Der Entwurf des Bonner Baumeisters Bloemers lehnte sich an das Modell „Götterdämmerung" des Dresdner Architekten Wilhelm Kreis an. Die Ausführung der Maurerarbeiten lag in den Händen der Rengsdorfer Maurermeister Wilhelm Kästner und Peter Jung.
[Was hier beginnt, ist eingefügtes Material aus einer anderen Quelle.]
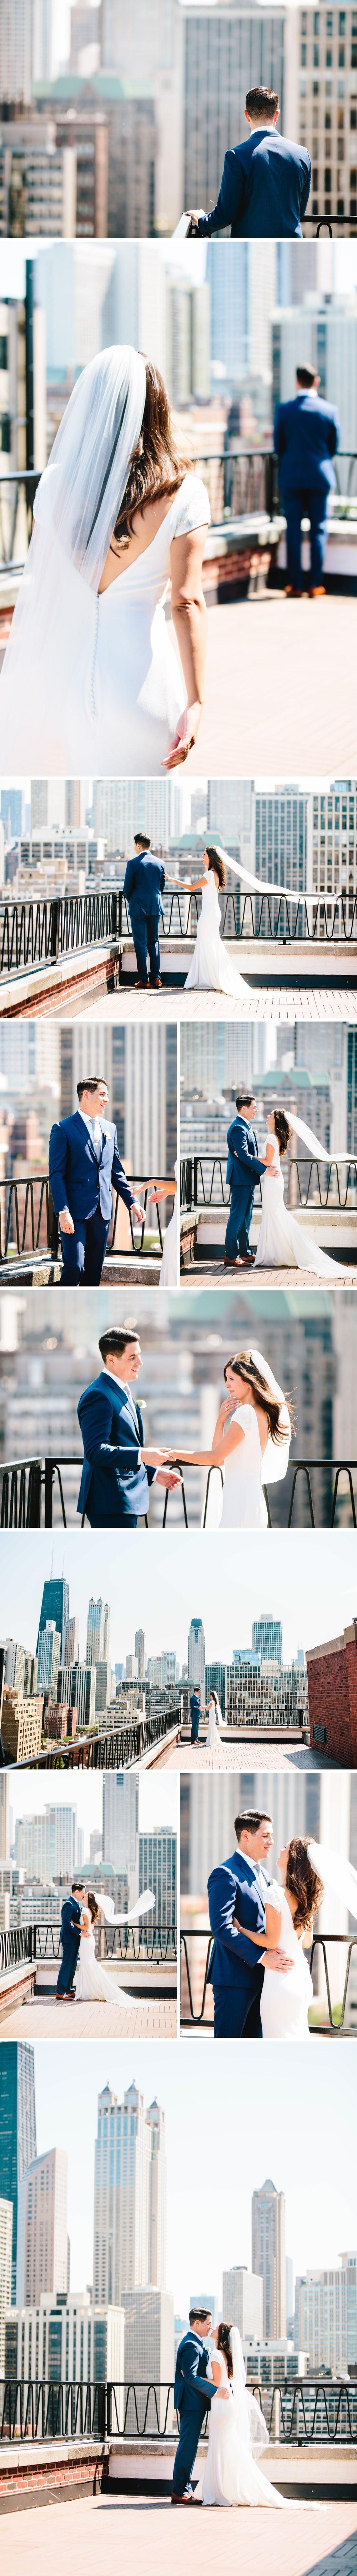 chicago-fine-art-wedding-photography-penninger4

Die Grundsteinlegung fand am Mittwoch, dem 30. Juli 1902, statt. Trotz des Werktages kamen erstaunlich viele Menschen, besonders zahlreiche Mitglieder der Krieger- und Turnvereine der Umgebung zu diesem Ereignis. Der Zug formierte sich am oberen Ende des Ortes und marschierte auf der Hauptstraße bis zum Festplatz zu den Klängen der Musikkapelle des Schleswig-Holsteinischen Fußartillerie-Regiments No. 9. Vorneweg schritten außer dem Festausschuss die Offiziere des Regiments. Die Rengsdorfer Männergesangvereine umrahmten die Feier mit mehreren Liedbeiträgen. Landrat von Runkel und Bürgermeister Wink hielten die Festansprachen und Oberförster Andrée stellte den Inhalt der aus Kupfer gefertigten Urkundenbüchse vor und verlas die Urkunde. Der Grundstein wurde eingemauert und durch Hammerschläge vom Landrat geweiht. Anschließend wurde im Gasthof „Kaiserhof" (Lindner) gefeiert.
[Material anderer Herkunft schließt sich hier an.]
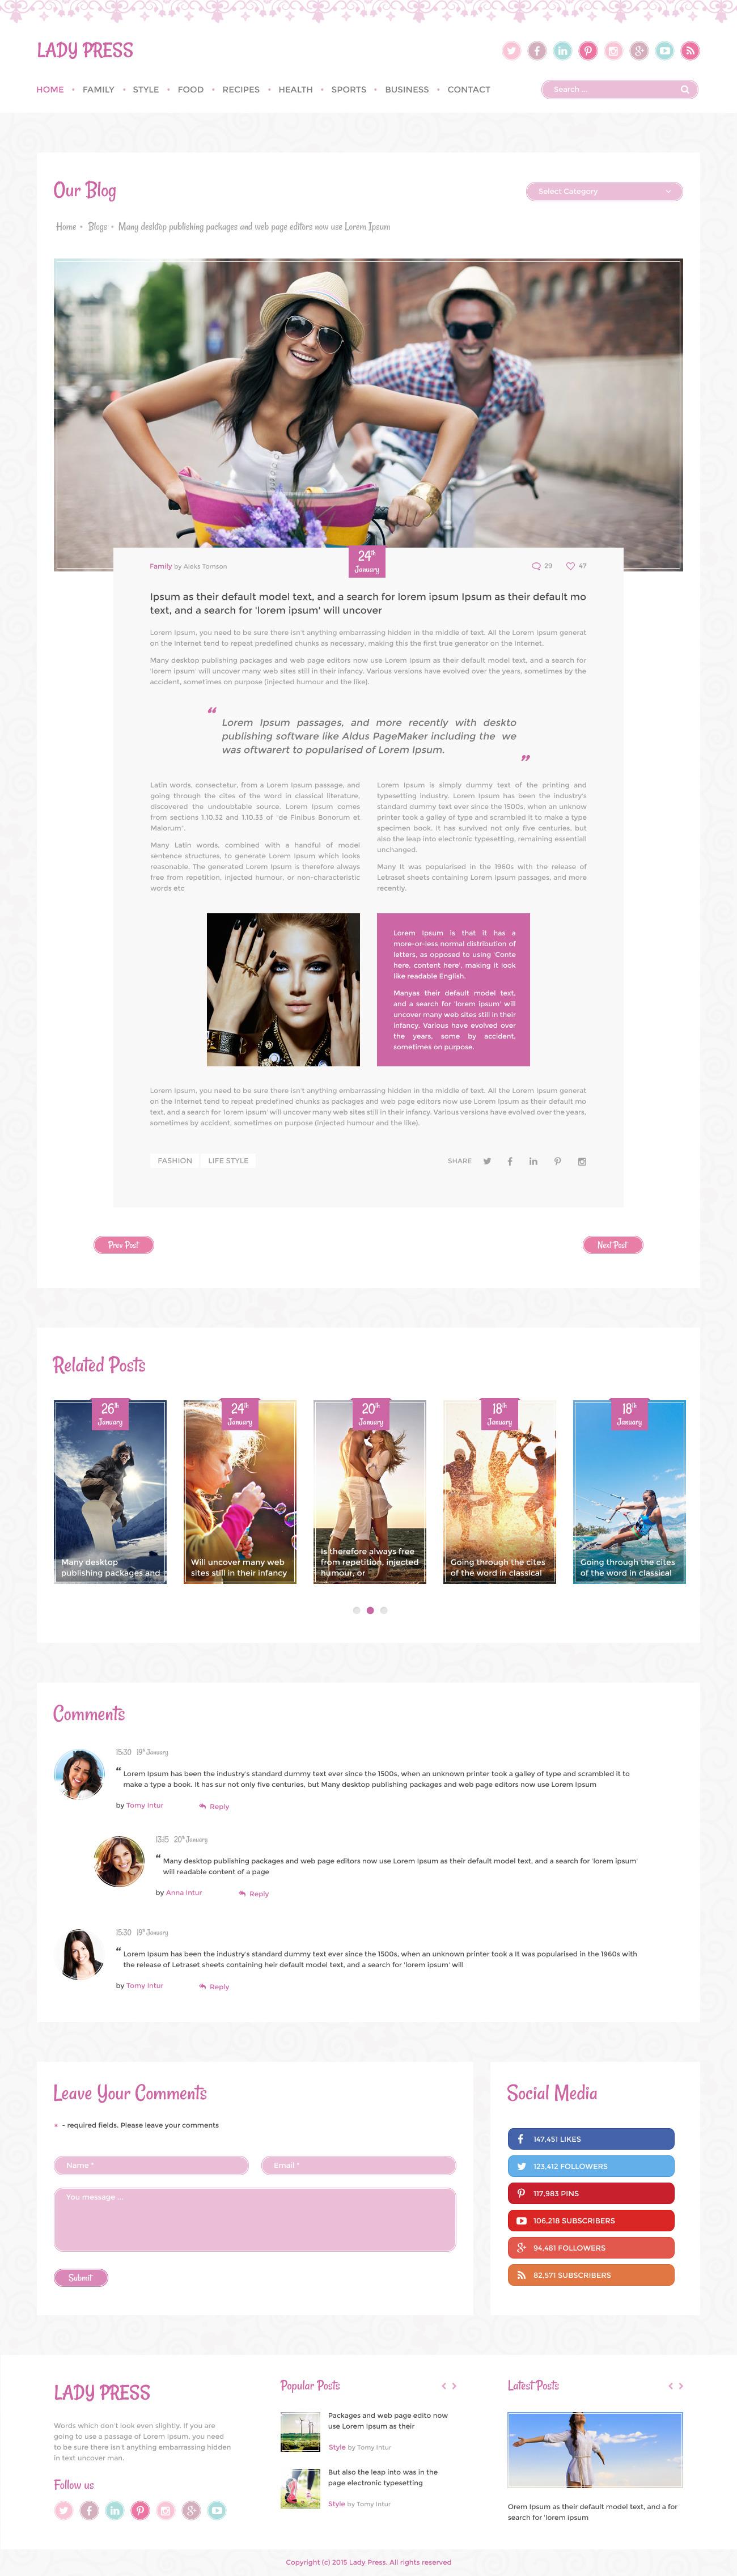 LadyPress - Woman Magazine Blog HTML Template by Templatation ...

Die Bauarbeiten gingen planmäßig voran, so dass am 21. Juni 1903, dem Tag der Sonnenwende, die Einweihungsfeier stattfinden konnte. Die Teilnehmerzahl überstieg alle Erwartungen.

„Ein langer Festzug, in dem besonders die Kriegervereine stark vertreten waren, und in dem weiterhin Turner und Sänger marschierten, bewegte sich kurz vor 4 Uhr nach den Marschklängen des 2. Rheinischen Feld-Artillerie-Regiments Nr. 23 durch den Ort zur Bismarcksäule. Unter den Ehrengästen bemerkten wir die Herren: Regierungsrat Dr. Jansen vom Oberpräsidium der Rheinprovinz, Geh. Regierungsrat Landrat von Runkel, Landtagsabgeordneter Osthaus, Fürstlich Wiedischer Kammerdirektor von Hepke, ... die Bürgermeister von Heddesdorf, Steimel und Puderbach". (NZ vom 22. Juni 1903)
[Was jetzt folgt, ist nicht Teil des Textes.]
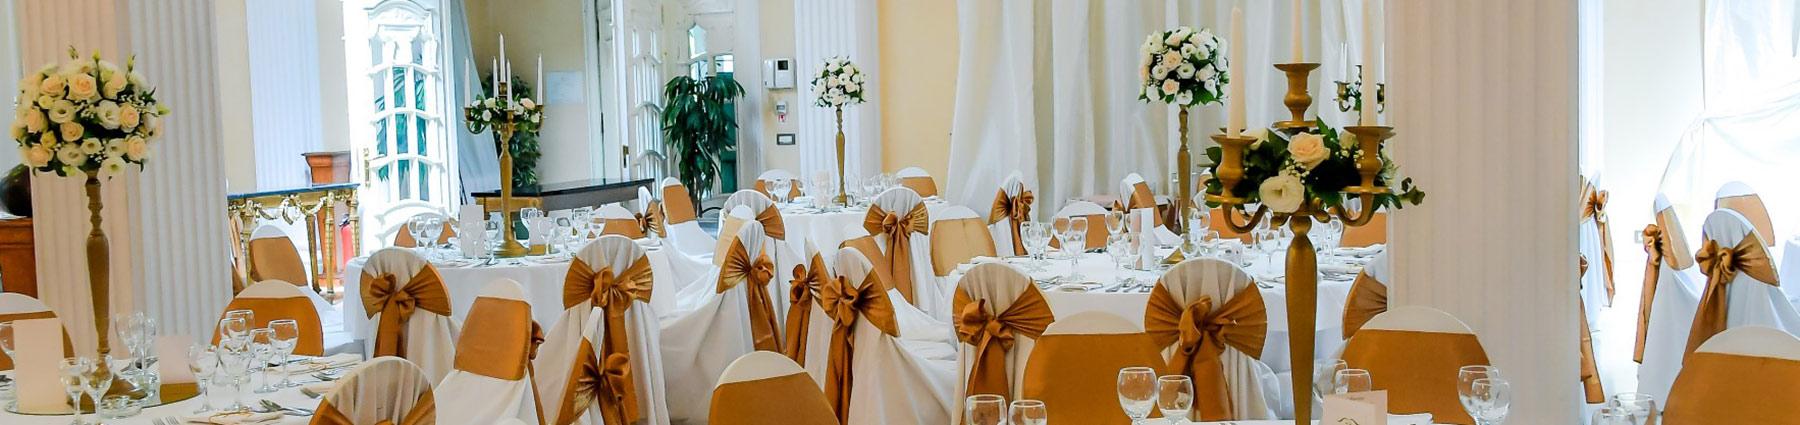 Restaurant Club Jelena

Wiederum umrahmten die Männerchöre die Feier, auch der Seminarchor aus Neuwied sang einige Lieder. Girlanden von 400 Metern Länge bekränzten die Säule. Nach Reden des Landrates und der Festrede von Professor Mutzbauer aus Neuwied, übergab Oberförster Andrée im Namen des „Ausschusses zur Errichtung der Bismarcksäule" das Bauwerk der Gemeinde Rengsdorf zu Eigentum und treuer Obhut.

„Der Ausschuss hege das feste Vertrauen, die Gemeinde werde allzeit ihrer Verpflichtung eingedenk sein, die Säule nicht allein in ihrem Äußern zu erhalten, sondern auch der Geist der Vaterlandsliebe, der Dankbarkeit und der Treue dem großen Bismarck gegenüber zu pflegen und auf Kind und Kindeskind zu vererben," so zitierte die Neuwieder Zeitung die Wünsche des Redners.

Nach den langen Reden zerstreute sich die Festgesellschaft zur Nachfeier in verschiedene Lokale, mancher sicher froh, dass er nicht weiter dem scharfen kalten Wind ausgesetzt war, der an jenem Tag über die Höhen des Westerwaldes pfiff.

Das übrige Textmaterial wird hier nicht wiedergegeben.